Hard credit checks require your explicit consent and usually happen in situations where you are applying for new credit:
- Loan Applications: When you apply for a mortgage, car loan, or personal loan, lenders perform a hard inquiry.
- Credit Card Applications: Applying for a new credit card triggers a hard credit check.
Hard enquiries can temporarily lower your credit score by a few points. The impact is generally minor, but multiple hard checks in a short period can signal to lenders that you are seeking a lot of credit, which might raise concerns about your financial stability.
How Do Hard and Soft Checks Affect Your Credit Score?
Impact of Soft Credit ChecksSoft credit checks do not impact your credit score. They are not visible to lenders reviewing your credit report for the purpose of extending credit. You can have an unlimited number of soft enquiries without worrying about your credit score being affected. Impact of Hard Credit Checks
Hard credit checks, on the other hand, can influence your credit score. Generally, a hard enquiry might lower your score by 5 to 10 points. The effect diminishes over time, typically within a year, and the enquiry itself will drop off your credit report after two years. While a single hard inquiry is unlikely to significantly impact your credit score, multiple hard inquiries in a short timeframe can be problematic. Lenders might interpret multiple inquiries as a sign of financial difficulty.
How to Manage Credit Checks
Tips for Minimising the Impact of Hard Inquiries
- Limit Credit Applications: Only apply for credit when necessary. If you’re shopping for the best rates on a loan, try to complete applications within a short period, typically 14 to 45 days, as credit scoring models often consider this as rate shopping and count it as a single inquiry.
- Monitor Your Credit: Regularly check your credit report to stay informed about any inquiries and ensure there are no unauthorised hard checks.
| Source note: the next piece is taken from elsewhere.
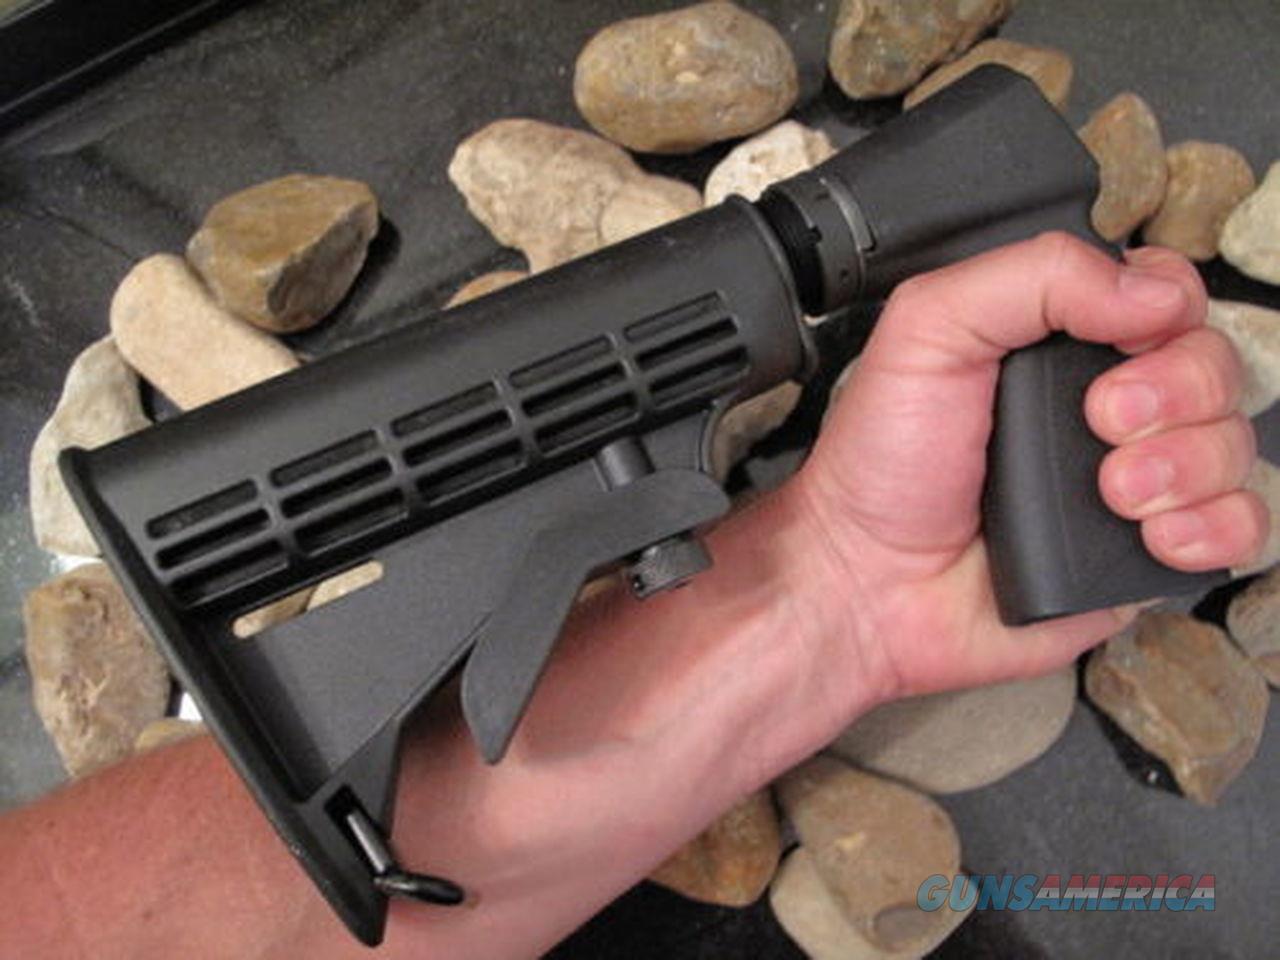 Fits Remington 870 12 Gauge 6 position Stock TRI Shotgun Tactical Pistol Grip  Non-Guns > Ammunition

- Be Strategic: Before applying for new credit, ensure your credit score is in good shape to minimise the need for multiple applications.
How to Check Your Credit Report
Checking your credit report is a good practice to maintain your financial health. You can obtain a free credit report from a number of suppliers, which use the three major credit reference agencies: Equifax, Experian, and TransUnion. Reviewing your report can help you catch any inaccuracies or unauthorised inquiries.
How Your Credit Report Impacts You
Understanding the difference between hard and soft credit checks is crucial for managing your credit health. Soft searches provide a way to gauge creditworthiness without affecting your score, while hard searches are necessary for obtaining credit but can temporarily lower your score. By being strategic about when and how you apply for credit, you can maintain a strong credit profile and avoid unnecessary dips in your credit score. Stay informed, check your credit report regularly, and make informed decisions to protect your financial future.